Note: Many thanks is given to Mark Boehler, editor of the Daily Corinthian newspaper, for writing and publishing the following article in Lifestyles Plus, a local magazine for mature adults. The summer/fall 2011 write-up, Trip of a Lifetime, was written about our three-month, 2010 North to Alaska journey. (permission granted for posting to this blog)
Cover Story: Trip of a lifetime
Corinth couple loves to share photos, stories from 14, 750-mile adventure
They spent 92 days on the road with 40 nights sleeping in a tent. After 325 hours behind the wheel of a pickup truck and 14,750 miles traveled roundtrip from Corinth to Alaska, one amazing aspect has risen above all others.
A 42-year marriage remains intact.
Don and Cheryl Meints of Turtle Creek Subdivision love to talk about their adventure, an idea Don first thought of in early 2009 when he had a desire to travel the Alaska Highway.
The avid photographers also like to share visual images from the trip. Don snapped about 3,000 photos. Cheryl, known locally as the “flower lady” for her vivid photographs of flowers, took over 10,000 images.
They planned and researched for six months. The Meints left home on July 9, 2010 and returned October 9.
“It’s a lot of good experiences and a lot of good memories,” said 60-year-old Cheryl, a professional volunteer whose photo exhibits are often seen at Corinth Public Library. “And we have the photos to prove it.”
“And,” added Don, a 65-year-old retired engineering manager from ATK in Iuka, “We are still together!”
“That’s what people ask,” said Cheryl. “How did we do that?”

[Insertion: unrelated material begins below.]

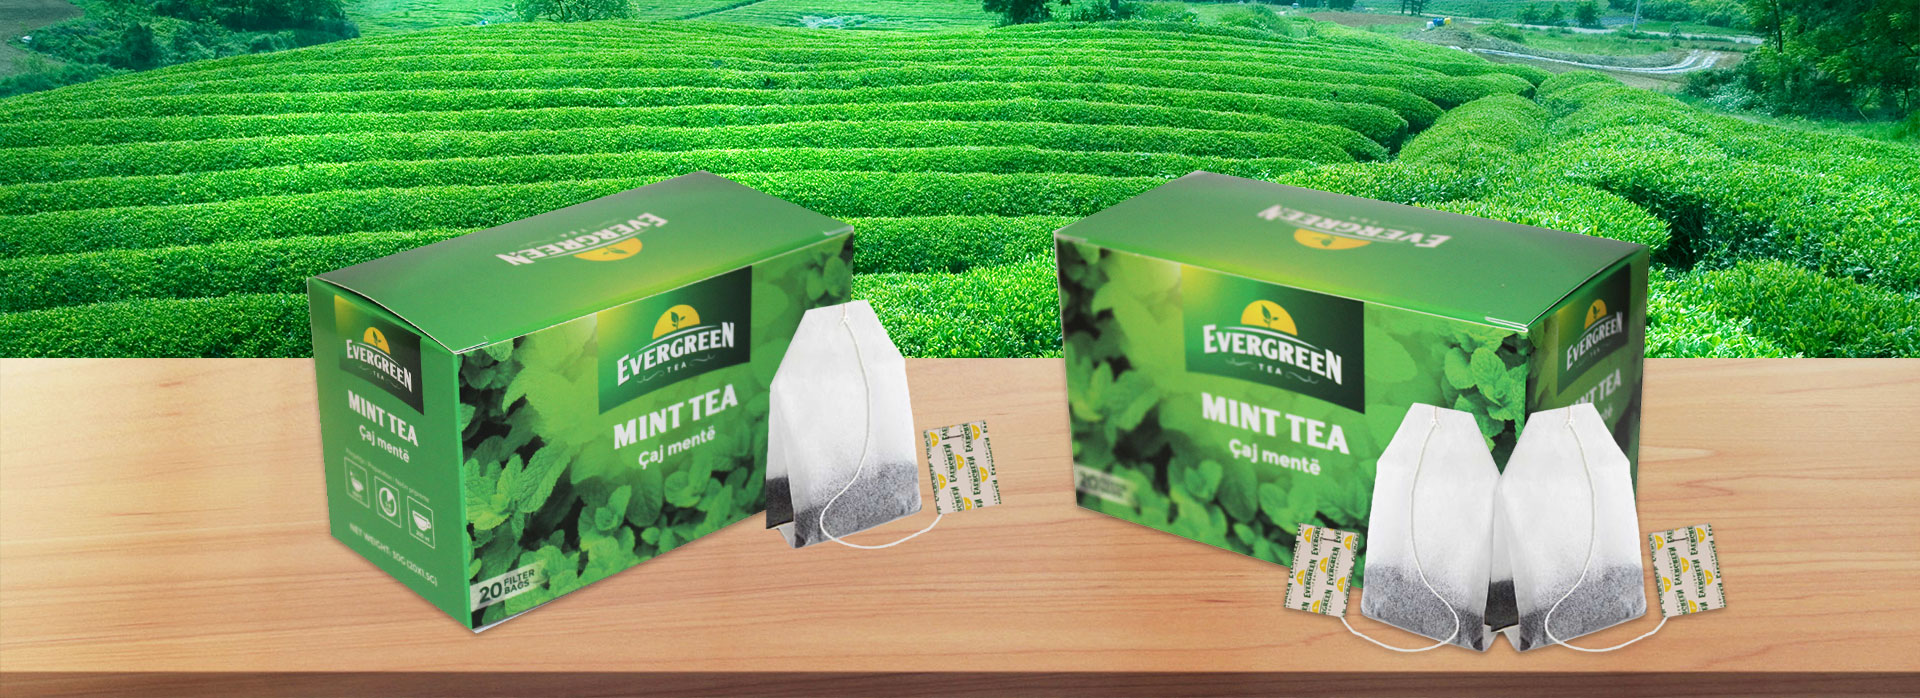 mint-tea

They have a huge U.S. map in Don’s office showing the places they have visited and camped since 1983. Before the big adventure last year, their longest trip was three weeks.
The travelers can point to several map stick pins after their long adventure as extraordinaire,” said Cheryl.

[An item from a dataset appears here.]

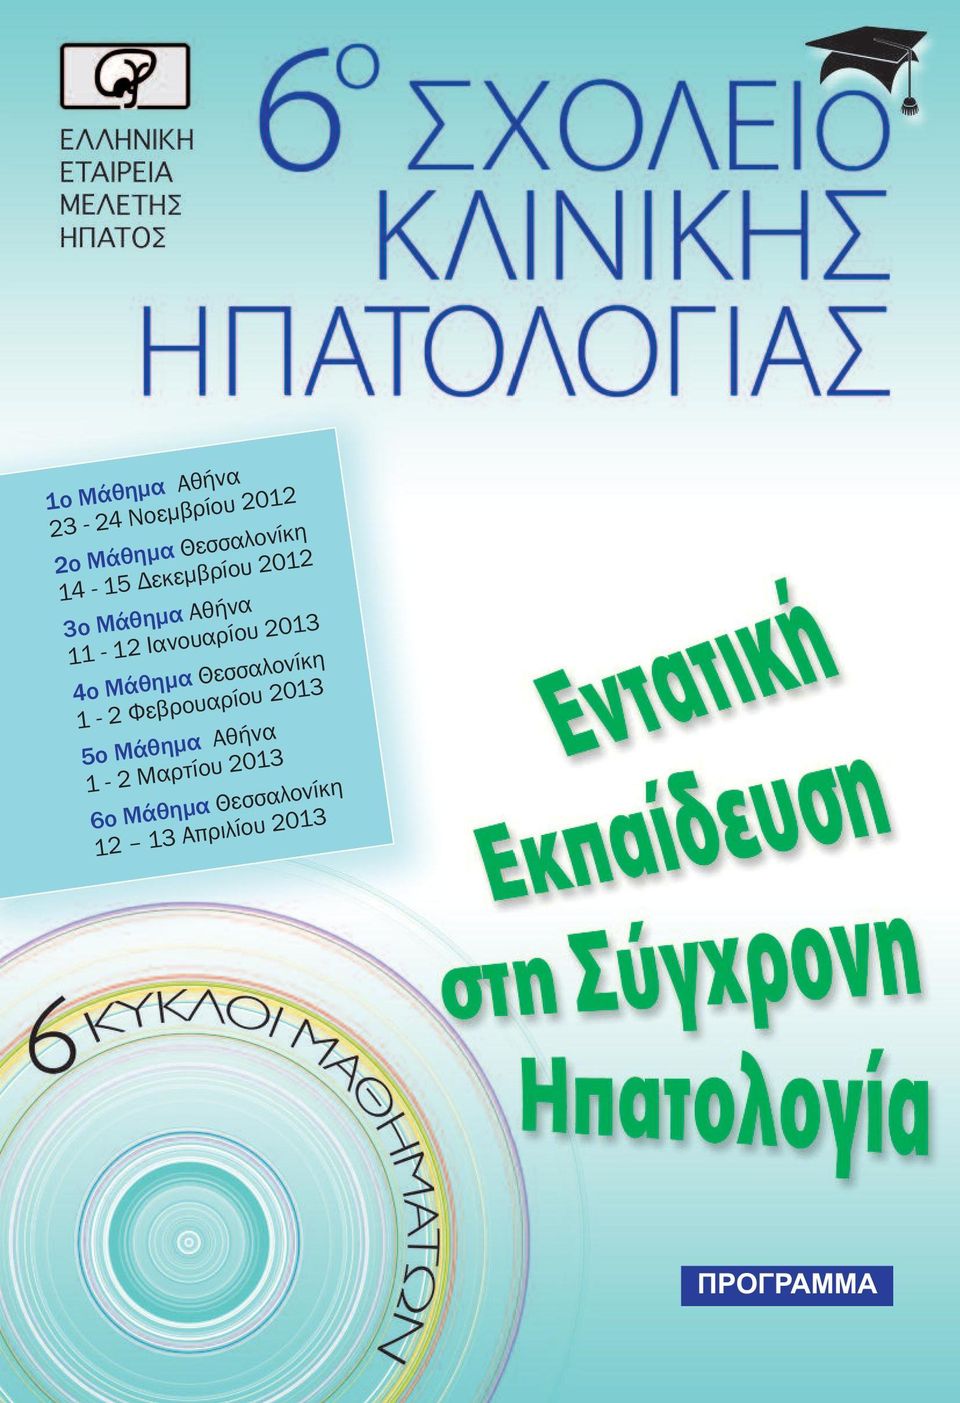 4ο Μάθημα Θεσσαλονίκη 1-2 Φεβρουαρίου 2013 5ο Μάθημα Αθήνα

The top three highlights of the “North to Alaska” trip, according to the adventurers, include a glacier cruise in Kenai Fjords National Park, Alaska; a Prince William Sound six-hour cruise from Whittier to Valdez, Alaska; and a 12-hour bus tour through the heart of Denali National Park, Alaska, home of 20,000-foot Mount McKinley, the highest point in North America.
Also ranking high on the “must return” list was a photography hike through the Painted Hills Unit of John Day Fossil Beds National Monument in Oregon, noted the couple.
Other places they would return if given the opportunity are the rainforests of Olympic National Forest in Washington and Redwood National Forest in northern California.
Their favorite campsite was Trail River near Kenai Lake, Alaska just outside of Whittier.
Disappointments were very few on the long journey, simply because there were no set expectations, noted Cheryl.
“Our expectations were minimal since the trip was solely for photographing whatever came our way,” said Cheryl, who is still sorting through digital images nine months after the adventure. “We are explorers at heart and this was predominantly a discovery expedition. Our journey was not about wildlife viewing or wildlife photography.”
“We probably wouldn’t drive on the Alaska Highway again if we are privileged enough to return to Alaska,” said Don, the trip’s driver.
Road washouts, road heaving and buckling and mud slides are some of the entries in the Meints log book, which at one point describes the highway as “250-plus miles of swaying in all directions.”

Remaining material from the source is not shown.